Yes, what sets humans apart from other species is intelligence. But when intelligence operates without compassion (when it becomes purely a force of control) it turns the human into nature’s most dangerous predator. Nature, however, does not retaliate. It simply falls silent. And within that silence lie all of humanity’s sins and contradictions.
The exploitation of nature was, in truth, a rehearsal for humanity’s exploitation of itself. From the moment humans began to reshape nature through labor, they began to possess it. And once they possessed it, they sought to rule it. Gradually, that rule extended to social relations. Humanity started owning not only the land but each other. Thus, exploitation ceased to be an act, it became a system.
Karl Marx explained this mechanism through the concept of “alienation of labor.” As human beings sell their labor, they become estranged from it — from their own creativity. A person who works only to increase someone else’s wealth eventually loses a sense of meaning. Capitalism has turned this alienation into a way of life, where a person’s value is measured not by their being, but by their productivity.
Exploitation no longer occurs merely between individuals; it operates within structures. An invisible mechanism seems to govern all human behavior: you must produce more, earn more, achieve more. Yet in this endless race, the human spirit erodes. Everything is measured by performance, skill, and competition but no one measures happiness.

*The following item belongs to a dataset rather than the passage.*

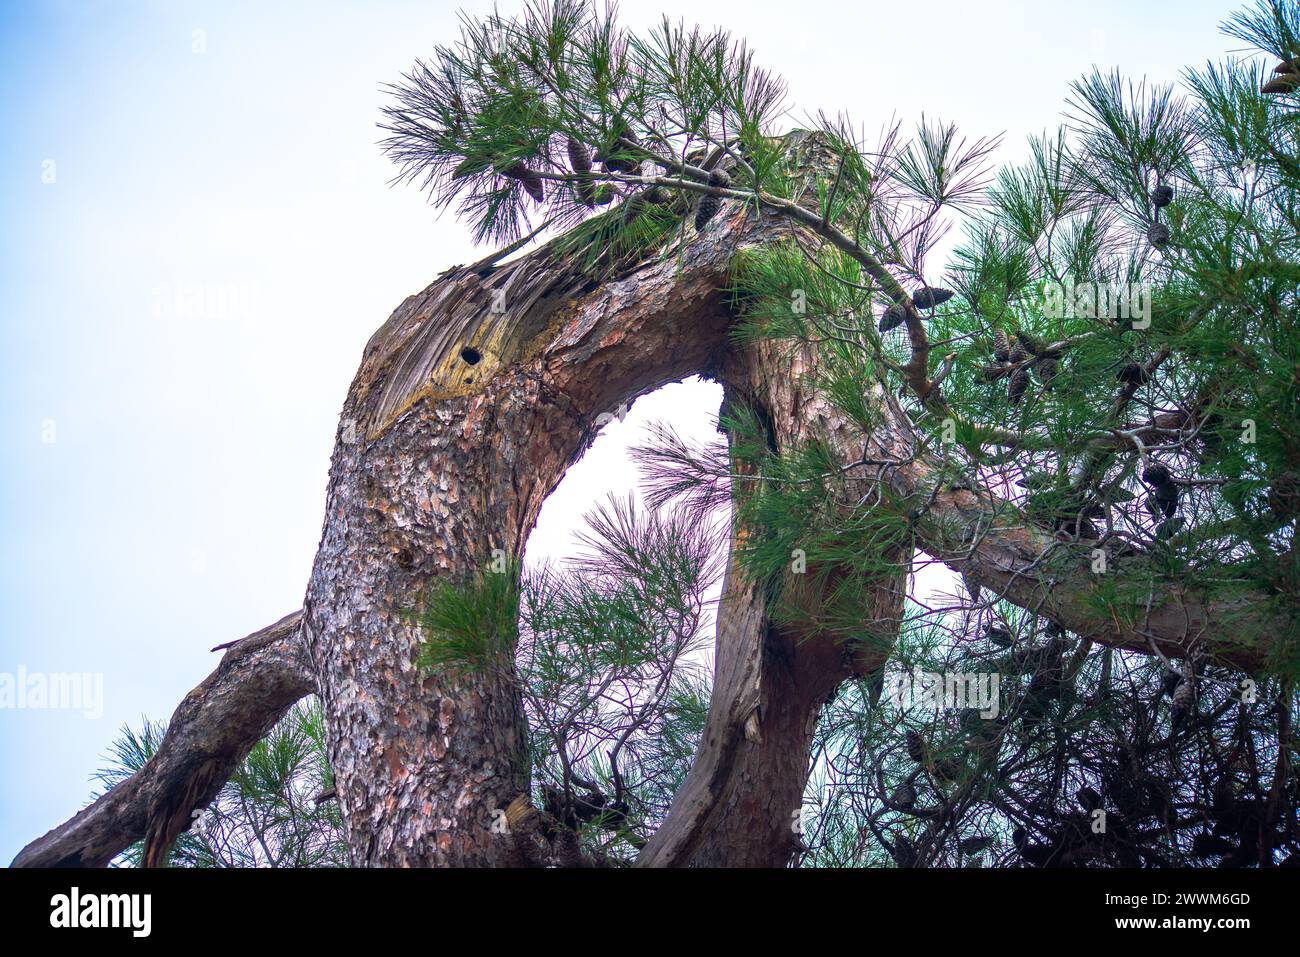 Oddity della natura: Un albero dalla forma strana si erge come una meraviglia unica e particolare nel paesaggio esterno, che mostra il fascino distintivo della natura Foto Stock
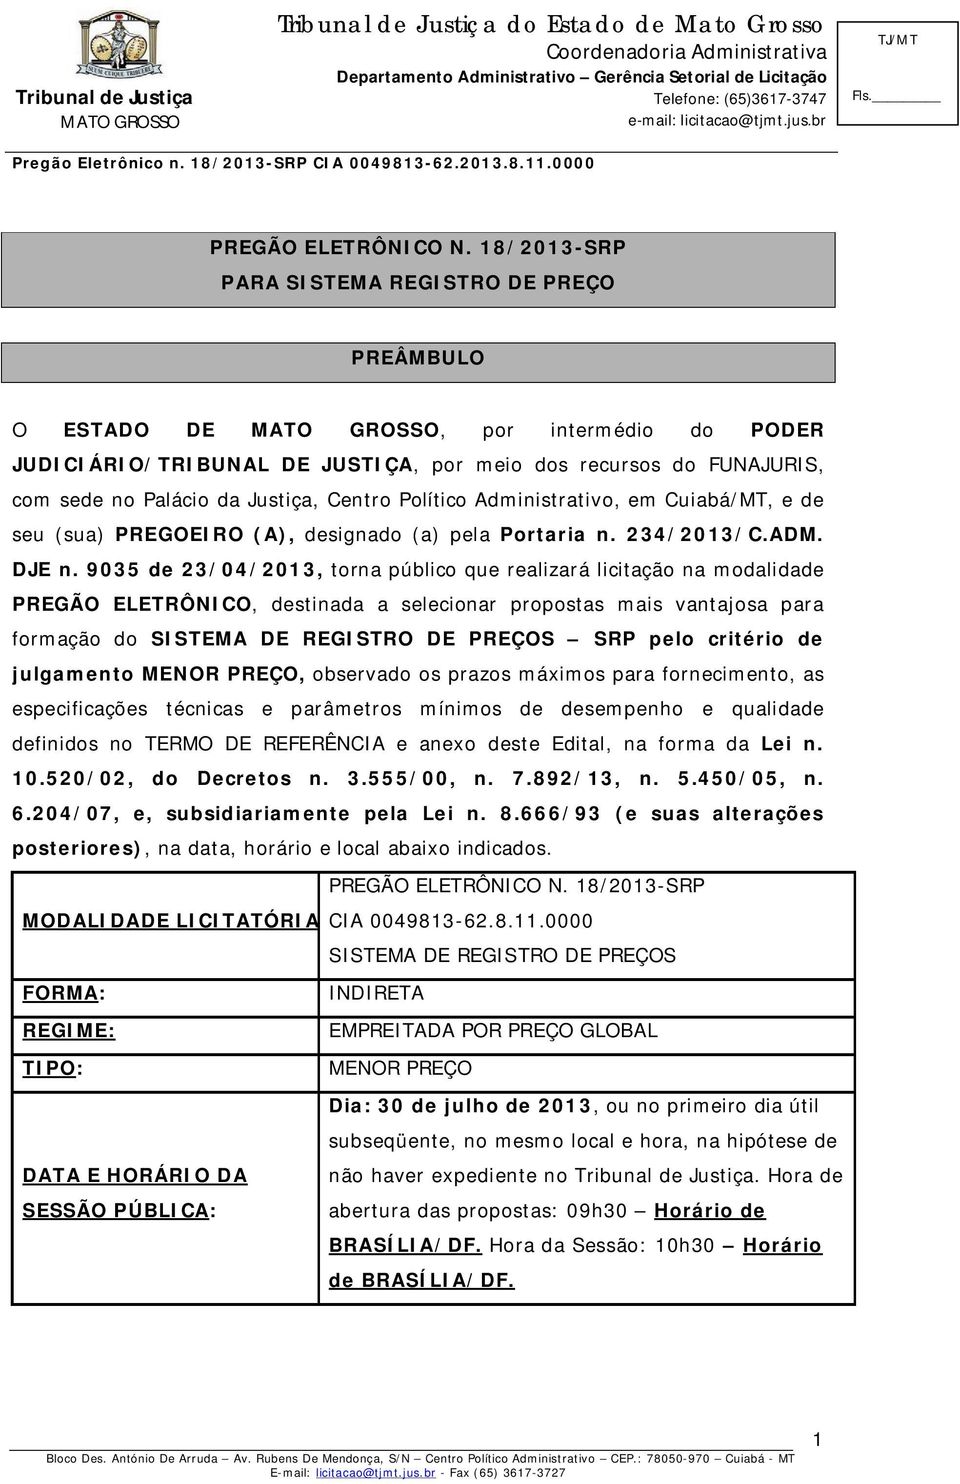 Político Administrativo, em Cuiabá/MT, e de seu (sua) PREGOEIRO (A), designado (a) pela Portaria n. 234/2013/C.ADM. DJE n.

If exploitation in nature leads to ecological disaster, exploitation in society leads to moral collapse. The worker’s worth becomes a number; the woman’s role, unpaid domestic labor; the child’s emotions, a “result.” The human body, mind, and feeling all have become commodities within the market.
Patriarchy is one of the oldest and most deeply rooted forms of this exploitation. The invisibility of women’s labor, and their labeling as “naturally caring,” is in fact a cultural disguise for systemic domination. By defining women’s work as natural and men’s power as normative, society has normalized the superiority of one gender over another. Yet this is not “natural.” It is the product of centuries of social conditioning.
All these structures (economic, cultural, gender-based) are merely different faces of the same idea: possession. Humanity’s domination over other humans is the social continuation of its domination over nature. Just as it cuts down trees, it silences the voices of women, workers, and the vulnerable.
Modern capitalist society presents exploitation in such refined and aesthetic forms that people mistake it for freedom. Advertisements, motivational culture, and the “self-improvement” ideology seem to call humanity toward liberation yet, in truth, they bind individuals to even deeper systems. These messages insist, “You must become valuable,” but never ask, “Why do you feel the need to prove your value?”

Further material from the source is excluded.